Prognosis of BMP7 in MYCN amplified or non-amplified sub-types of neuroblastoma was further studied. MYCN non-amplified neuroblastoma patients with BMP7 higher expression levels had shorted event free survival in GSE62564, TARGET and E-MTAB-1781 datasets (S2 Figa). In MYCN amplified neuroblastoma cohorts, BMP7 higher expression levels were significantly associated with shorted event free survival in TARGET and E-MTAB-1781 datasets, but not significant in GSE62564 dataset (S2 Figb).
Moreover, MYCN non-amplified neuroblastoma patients with BMP7 higher expression levels had shorted overall survival in GSE62564, TARGET and E-MTAB-1781 neuroblastoma cohorts (Fig 5c). Also, in MYCN amplified neuroblastoma cohorts, BMP7 higher expression levels had shorted overall free survival in GSE62564 and E-MTAB-1781, but not in TARGET dataset (Fig 5d). Hence, BMP7 could serve as a prognostic marker in both MYCN amplified and non-amplified neuroblastoma sub-types.

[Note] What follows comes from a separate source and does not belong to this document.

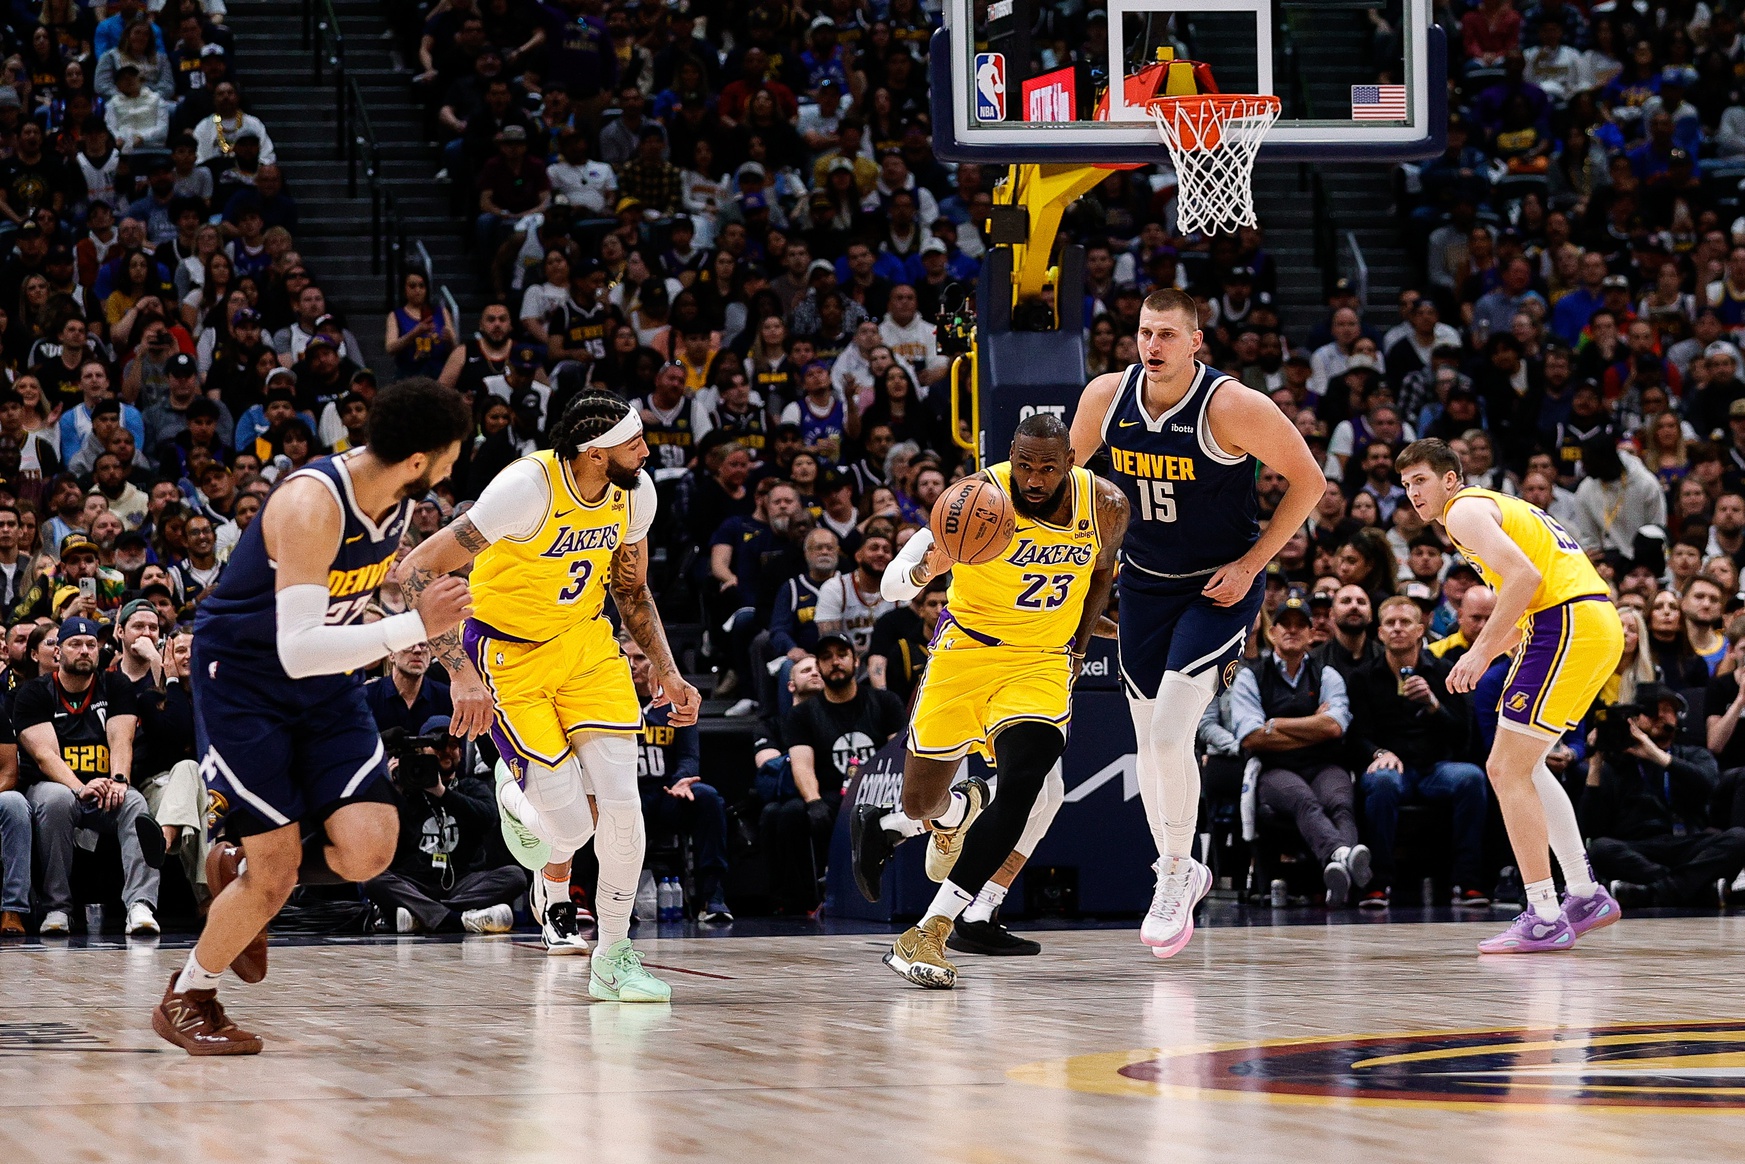 Los Angeles Lakers stars LeBron James and Anthony Davis lead a fast break

Expressions and prognosis of BMP7 in stage 4 neuroblastoma
Furthermore, contrast with stage 1, stage 2, stage 3 and stage 4s neuroblastoma, BMP7 was up-regulated in stage 4 neuroblastoma in GSE62564, E-MTAB-1781 and E-TABM-38 cohorts (Fig 6a). We also observed an increase in BMP7 expression in stage 4 neuroblastoma patients compared to stage 1 neuroblastoma patients in the GSE85047 and TARGET datasets (Fig 6a). However, in the GSE16476 dataset, no significant difference was found in BMP7 expression levels between the different stages of neuroblastoma (Fig 6a).
(a) The relative BMP7 expression levels in neuroblastoma patients with different stages. (b) The Kaplan-Meier curves showed the different overall survival of stage 4 neuroblastoma patients with BMP7 higher expressions or lower expressions.
Prognosis of BMP7 in stage 4 neuroblastoma were further studied. Stage 4 neuroblastoma patients with BMP7 higher expression levels had significantly shorted event free survival than those with low levels of BMP7 expressions in GSE16476, GSE62564, TARGET, E-MTAB-1781 and E-TABM-38 cohorts, while not in GSE85047 dataset (S3 Fig). Also, Stage 4 neuroblastoma patients with BMP7 higher expression levels had shorted overall survival compared to those with low levels of BMP7 expressions in GSE16476, GSE62564, GSE85047, TARGET and E-MTAB-1781 datasets, but not in E-TABM-38 dataset (Fig 6b).
Identification of genes associated with BMP7
To further understand the prognostic effects of BMP7, genes associated with BMP7 were studied in neuroblastoma. In comparison to neuroblastoma patients with lower BMP7 expressions, neuroblastoma patients with higher BMP7 expressions in GSE16476, GSE62546, GSE85047, and TARGET datasets had 248, 5069, 7051, and 683 changed genes, respectively (Fig 7a). Additionally, five genes were commonly associated with BMP7 expressions (Fig 7a). The expression levels of these five genes were further demonstrated in TARGET dataset. TMEM179B, BRMS1 and TEME104 were relatively highly expressed in neuroblastoma, while, ZNF408 was expressed at low levels in neuroblastoma (Fig 7b).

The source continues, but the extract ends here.